Records =>
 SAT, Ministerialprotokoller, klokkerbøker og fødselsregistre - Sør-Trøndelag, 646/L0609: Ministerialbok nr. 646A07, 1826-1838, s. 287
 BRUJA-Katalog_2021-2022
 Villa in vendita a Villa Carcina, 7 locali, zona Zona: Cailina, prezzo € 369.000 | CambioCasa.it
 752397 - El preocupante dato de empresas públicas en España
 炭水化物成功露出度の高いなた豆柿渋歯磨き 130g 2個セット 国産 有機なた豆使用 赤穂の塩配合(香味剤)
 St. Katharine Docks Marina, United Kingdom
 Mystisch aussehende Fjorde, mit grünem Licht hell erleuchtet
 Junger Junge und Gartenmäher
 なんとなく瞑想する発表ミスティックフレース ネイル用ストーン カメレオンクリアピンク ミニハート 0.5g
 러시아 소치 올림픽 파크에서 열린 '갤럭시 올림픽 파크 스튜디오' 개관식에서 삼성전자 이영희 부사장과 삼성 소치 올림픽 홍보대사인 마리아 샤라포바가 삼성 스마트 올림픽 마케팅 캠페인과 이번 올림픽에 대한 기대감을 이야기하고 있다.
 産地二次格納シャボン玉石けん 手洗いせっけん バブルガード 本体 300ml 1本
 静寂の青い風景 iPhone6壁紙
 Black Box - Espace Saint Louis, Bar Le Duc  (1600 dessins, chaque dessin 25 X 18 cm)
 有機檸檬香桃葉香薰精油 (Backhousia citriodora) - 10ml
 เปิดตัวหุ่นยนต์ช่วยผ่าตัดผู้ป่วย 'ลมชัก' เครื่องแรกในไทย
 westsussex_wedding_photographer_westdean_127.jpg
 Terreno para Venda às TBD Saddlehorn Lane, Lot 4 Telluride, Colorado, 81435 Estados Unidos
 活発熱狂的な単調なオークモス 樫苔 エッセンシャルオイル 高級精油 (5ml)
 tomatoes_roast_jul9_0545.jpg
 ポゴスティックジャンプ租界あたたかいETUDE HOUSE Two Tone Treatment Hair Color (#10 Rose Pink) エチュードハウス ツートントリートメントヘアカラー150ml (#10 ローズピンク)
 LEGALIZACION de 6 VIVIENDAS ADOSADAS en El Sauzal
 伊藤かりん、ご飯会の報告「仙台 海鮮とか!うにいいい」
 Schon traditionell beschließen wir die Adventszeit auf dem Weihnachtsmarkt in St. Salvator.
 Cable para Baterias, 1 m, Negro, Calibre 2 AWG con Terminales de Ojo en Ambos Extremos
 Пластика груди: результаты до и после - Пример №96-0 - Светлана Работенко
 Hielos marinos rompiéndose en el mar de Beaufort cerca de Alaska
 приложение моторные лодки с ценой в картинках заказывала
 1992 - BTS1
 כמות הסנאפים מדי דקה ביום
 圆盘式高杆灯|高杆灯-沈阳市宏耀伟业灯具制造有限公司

Task item => All lines from the listing above that include "para" should be shown.

Task output =>
 Terreno para Venda às TBD Saddlehorn Lane, Lot 4 Telluride, Colorado, 81435 Estados Unidos
 Cable para Baterias, 1 m, Negro, Calibre 2 AWG con Terminales de Ojo en Ambos Extremos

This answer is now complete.